Book Review: The Enchantress of Florence by Salman Rushdie
Published May 21, 2008
“In the caravanserai all was bustle and hum,” begins an evocative central passage in the adventurous The Enchantress of Florence as workers and planners, blacksmiths and carpenters industriously go about their jobs to keep up trade and transit between the East and the West, as do turbaned coolies in red shirts and dhotis who run “ceaselessly hither and yon with bundles of improbable size and weight” upon their heads, while animals run wild, including screechy monkeys, and shrieking parrots exploding like “green fireworks in the sky.”
In Salman Rushdie’s tenth novel, such a multitudinous but often impenetrable narrative — couched in a magical realist every-which-way-but-lucid fever dream — often makes this tale of two epochs more commotion and drone than bustle and hum. But there’s still a lot of poetry in motion, and we’re talking about more than Bekin’s man prosody as Rushdie plops his unrushed plots in two tantalizing settings: sixteenth-century Renaissance Florence and Mughal India's cultural zenith reached the following century at Emperor Akbar's court in Sikri.

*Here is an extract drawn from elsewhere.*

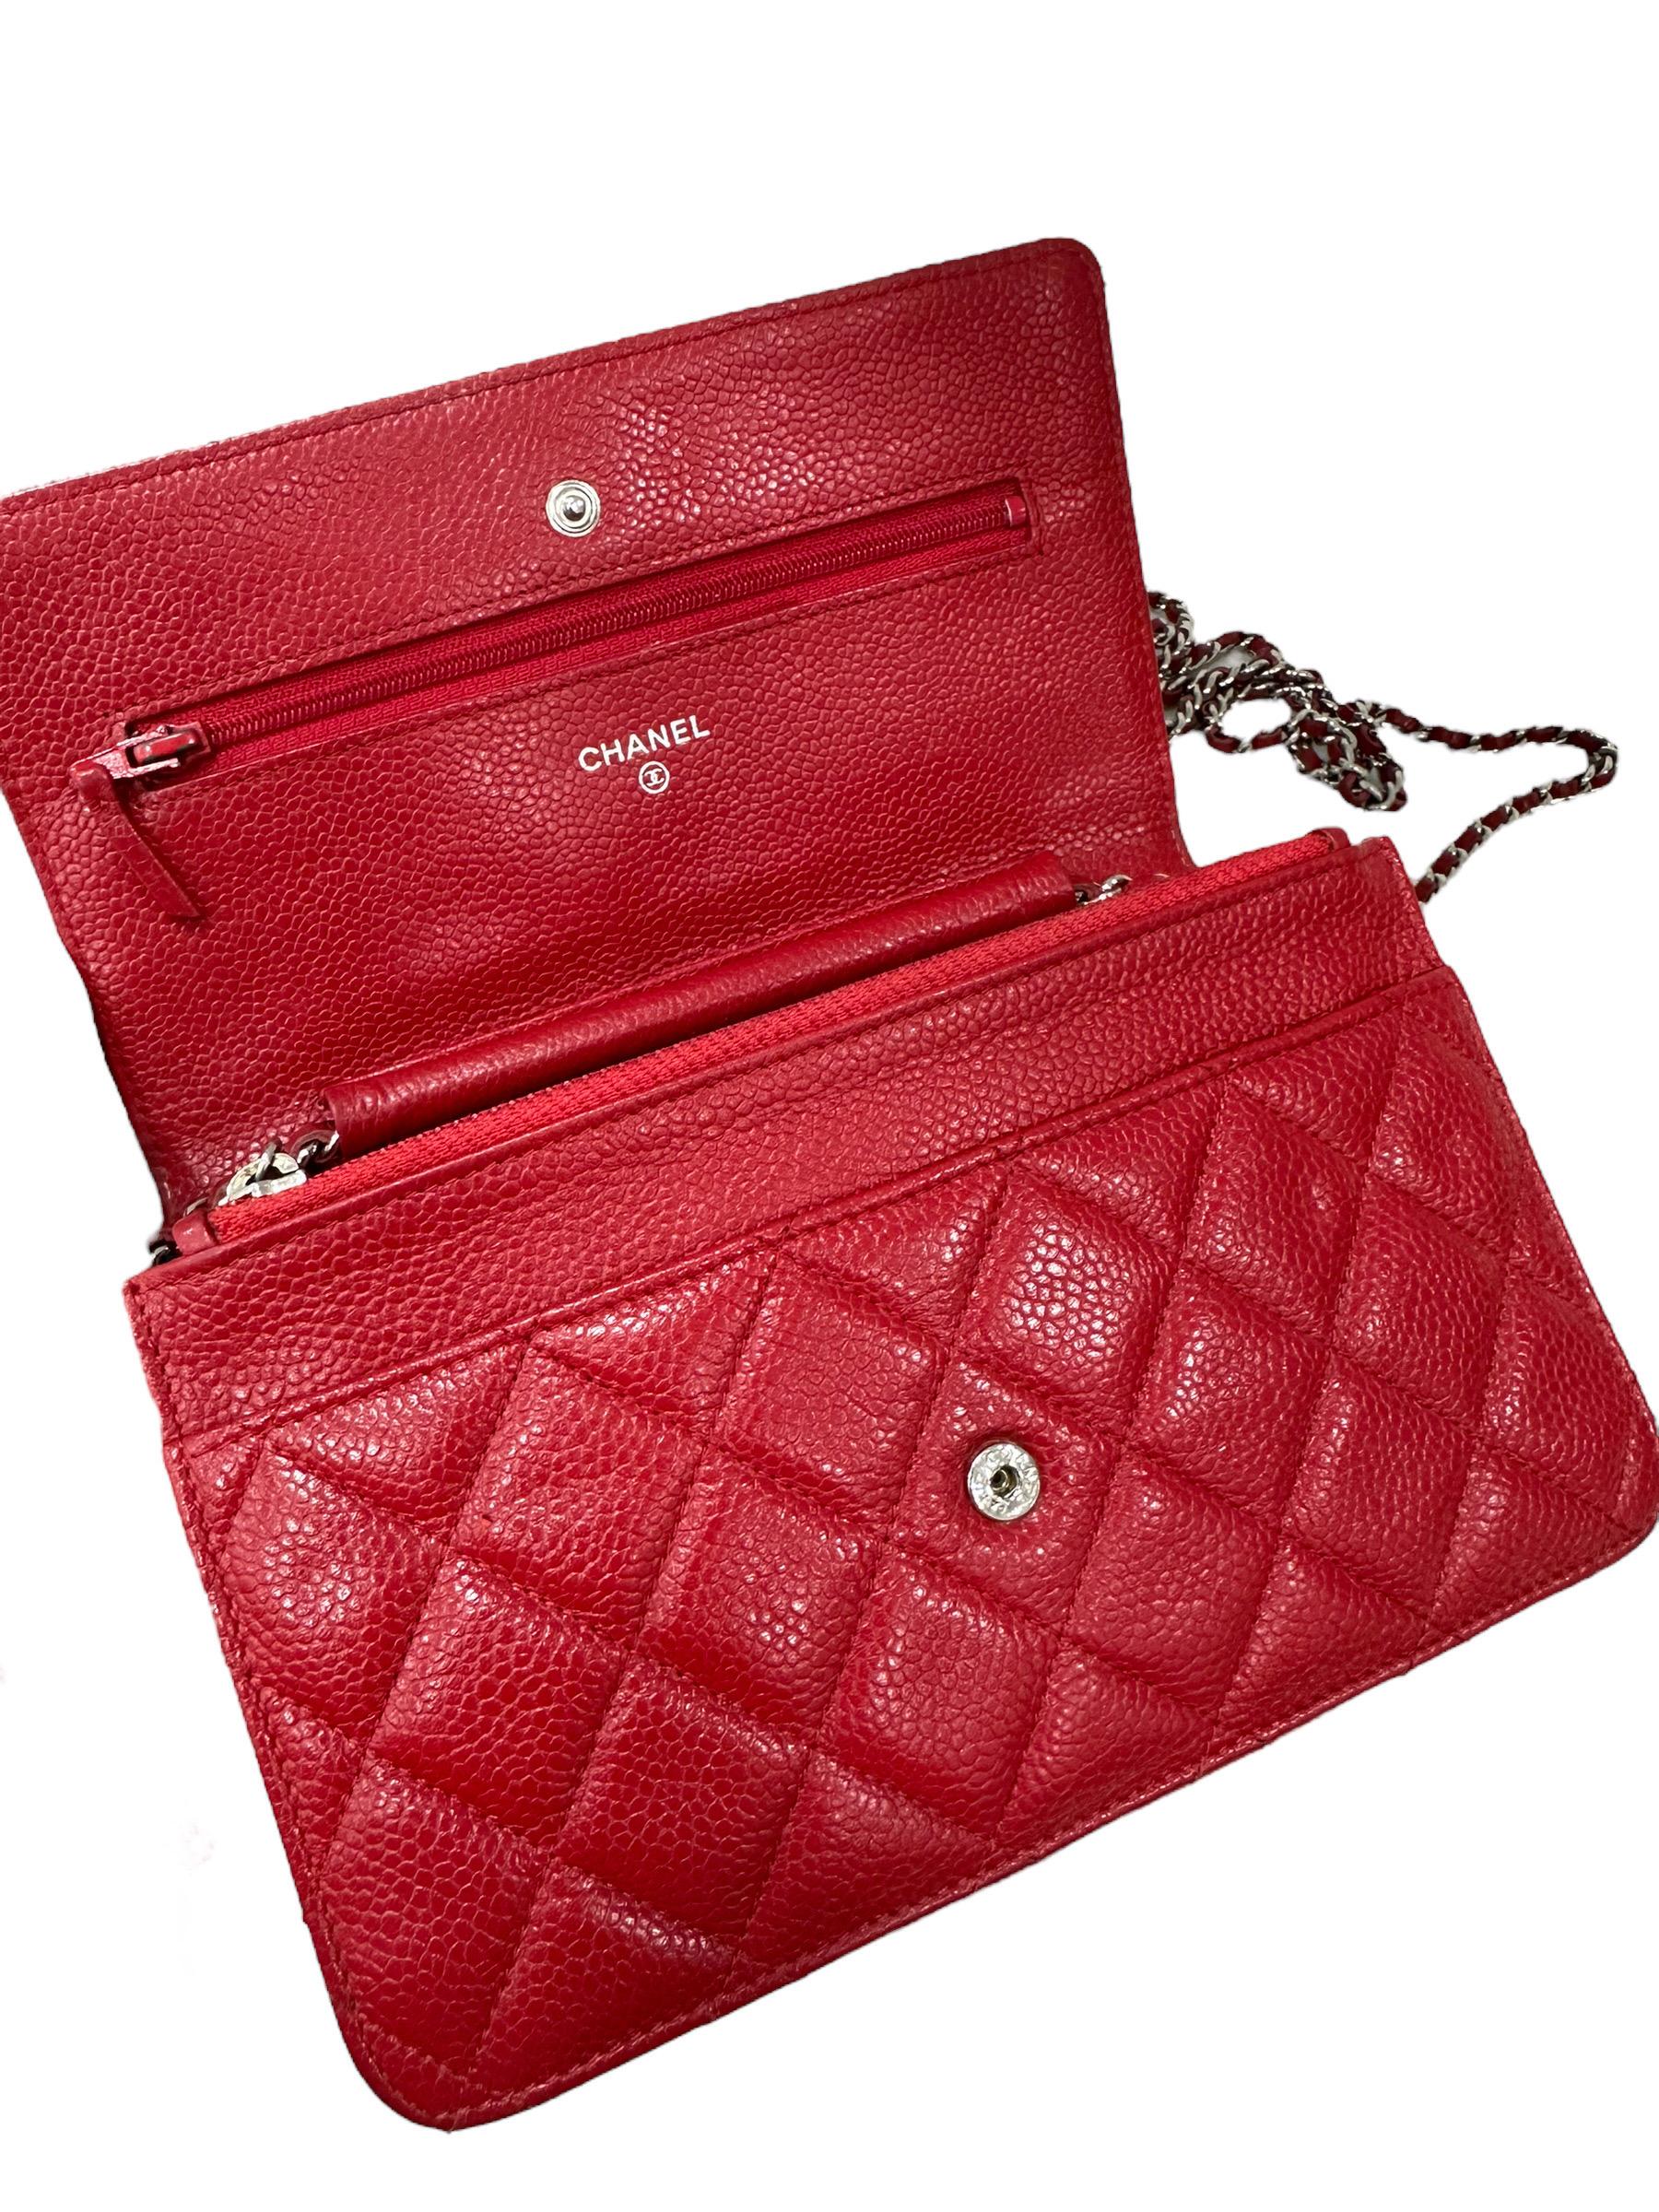 2013 Chanel Woc Caviar Red Crossbody Bag 6

The connecting link between the two cities and times is the magically beautiful "hidden princess," Qara Köz, Lady Black Eyes, believed to possess powers of enchantment and sorcery.

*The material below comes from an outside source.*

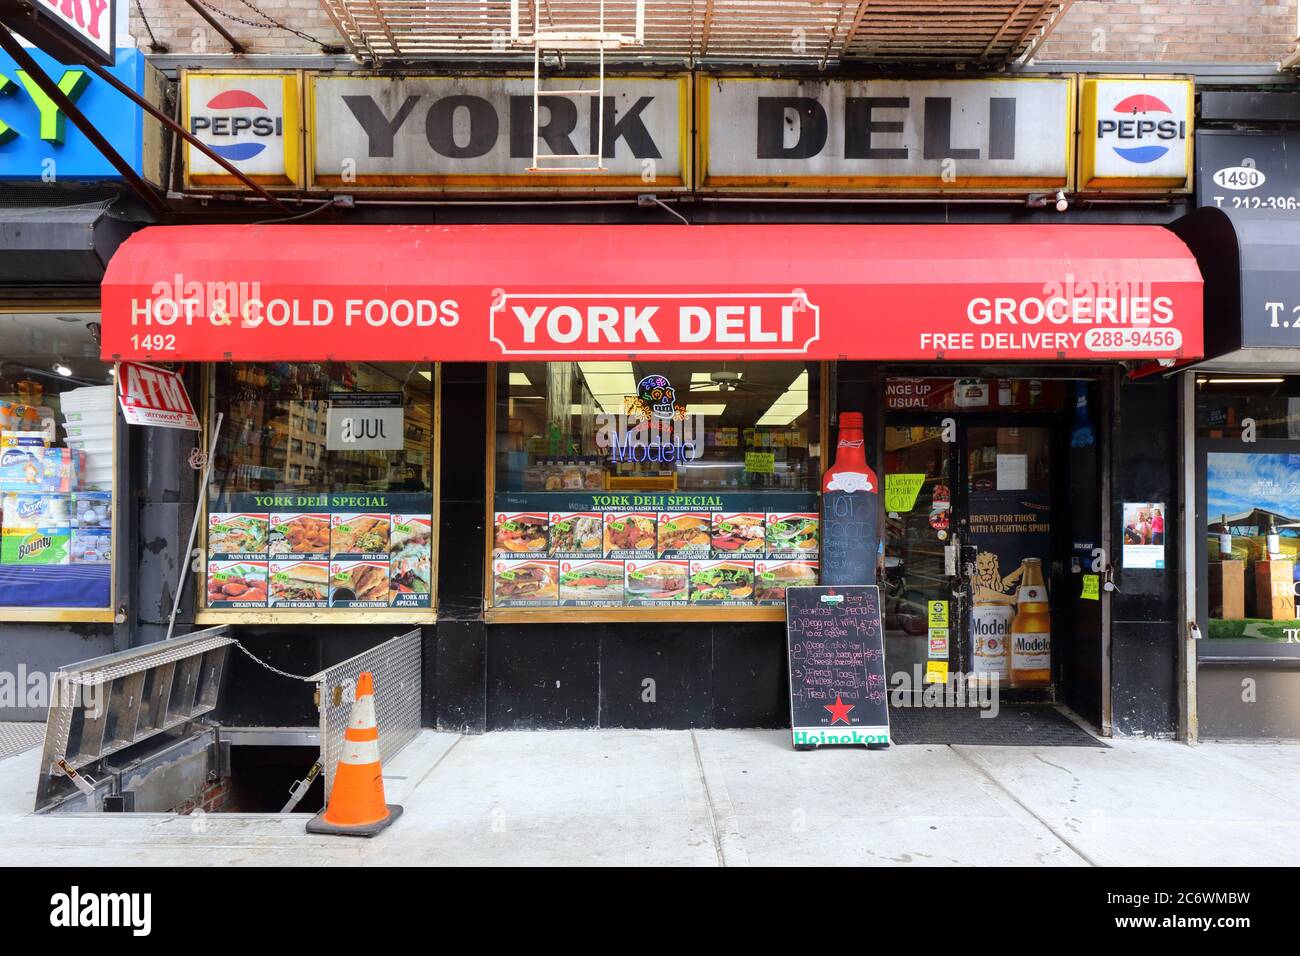 York Delicatessen, 1492 York Ave, New York, NYC Foto von einem Lebensmittelgeschäft, Deli, in der Upper East Side in Manhattan. Stockfoto

As suggested, just as compelling as the circuitous journeys and destinations are the main characters driving the plot-thickened storyline, and the equally captivating secondary personalities and historical figures. So when a mysterious yellow-haired stranger "driven out of his door by stories of wonder," steps off a rented bullock cart and walks old Sikri speaking fluent Persian and claiming to be Akbar's uncle, he has a bold claim, and a tall tale. Presenting himself as an emissary of Queen Elizabeth I, his account is the story of Akbar's great-aunt, Qara Köz, that the man, her reputed son, has come to the court to tell. The tale dates to the time of Akbar's grandfather, Babar (Qara Köz's brother), and it involves her relationship with the Persian Shah. In the Shah's employ is Janissary general Nino Argalia, an Italian convert to Islam, whose own story takes the narrative to Renaissance Florence.

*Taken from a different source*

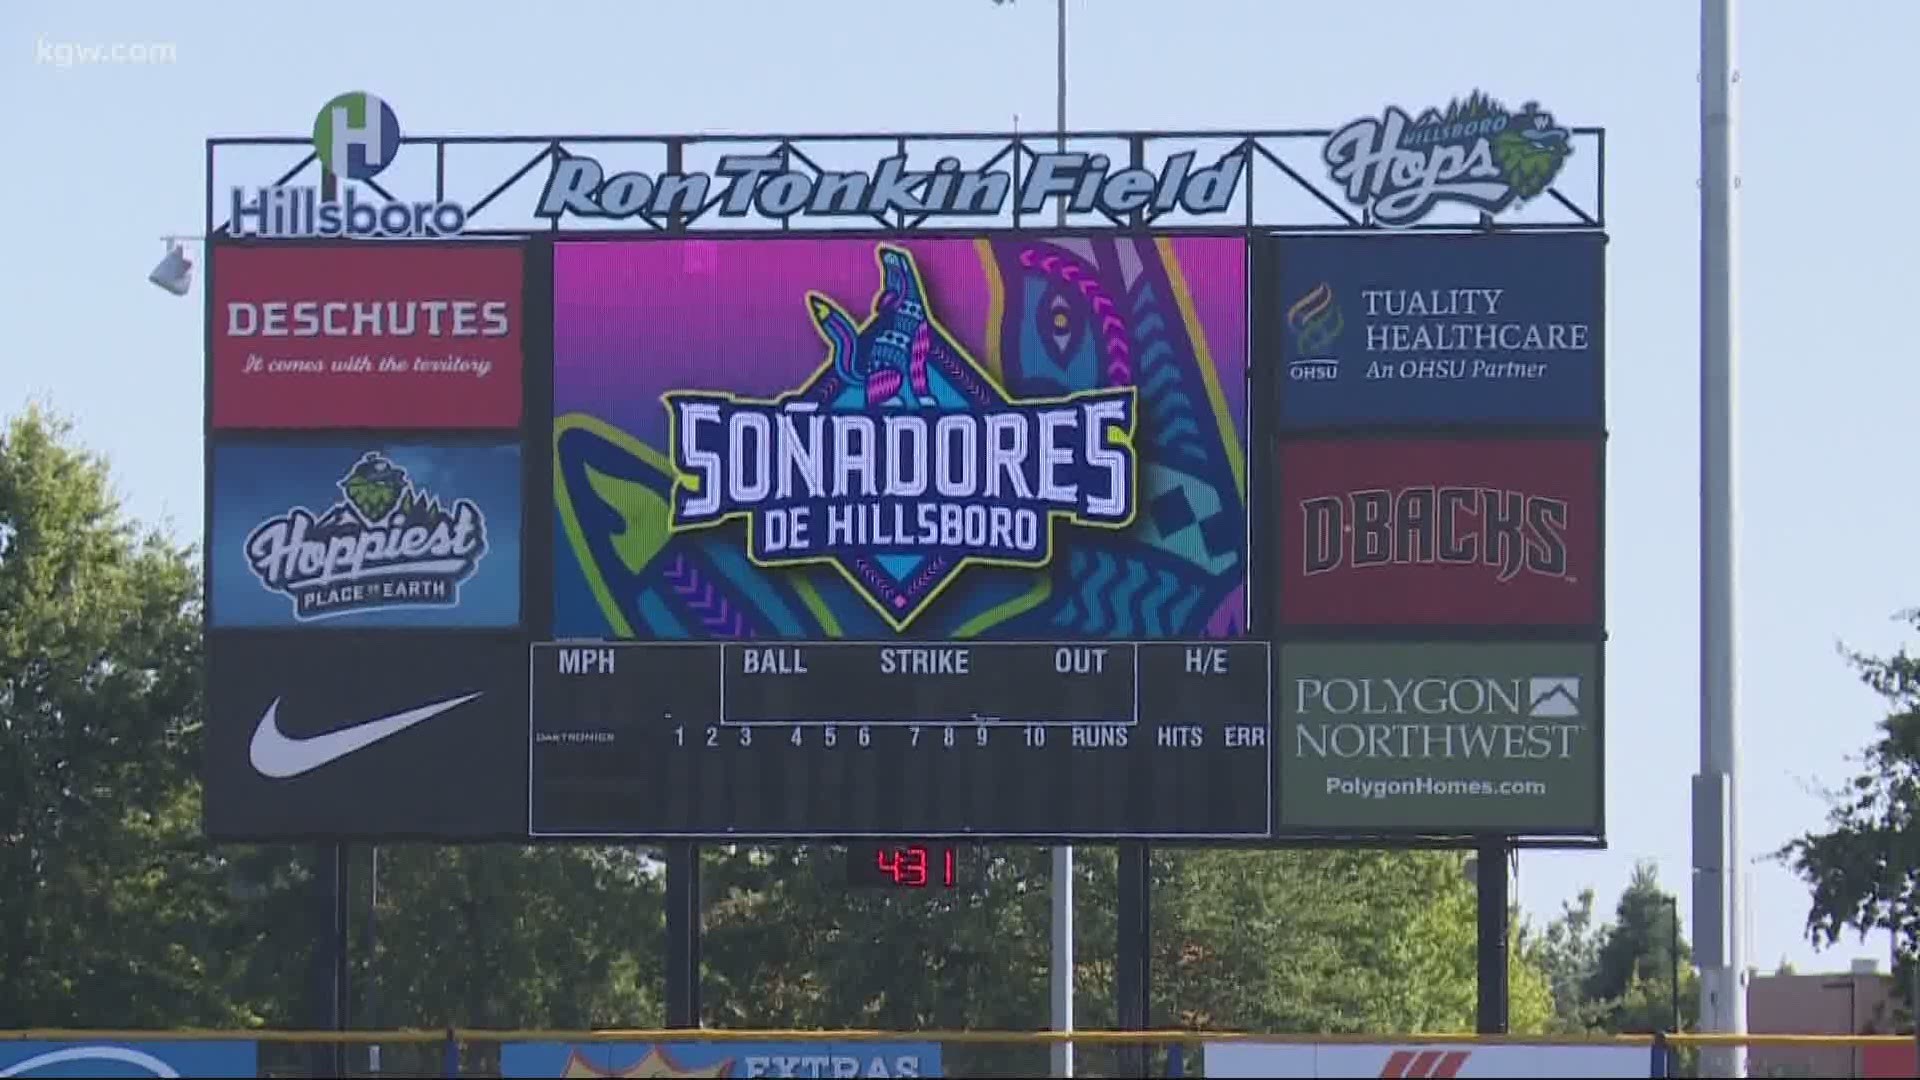 Hillsboro Hops baseball season canceled

Fortunately, readers not taken with the complications of this particular story, or those whose patience have been tried and found untrue with such an ever-convoluted fable — at one point, even Akbar issues a “curse on all storytellers," telling his visitor "You're taking too long … You can't draw this out forever..." — have several other considerations interwoven throughout Enchantress. The blonde dude abides with what turns out to be amusing and intriguing subplots involving three Florentine friends: Niccolo Machiavelli, Agostino Vespucci (cousin of Amerigo, and the man who identified Lisa Gherardini as the model for the Mona Lisa), and Antonino Argalia, who goes on to command the armies of the Ottoman Sultan. Other figures who roam the tome include Savonarola, a prototypical version of the Three Musketeers and d’Artagnan, and even Dracula.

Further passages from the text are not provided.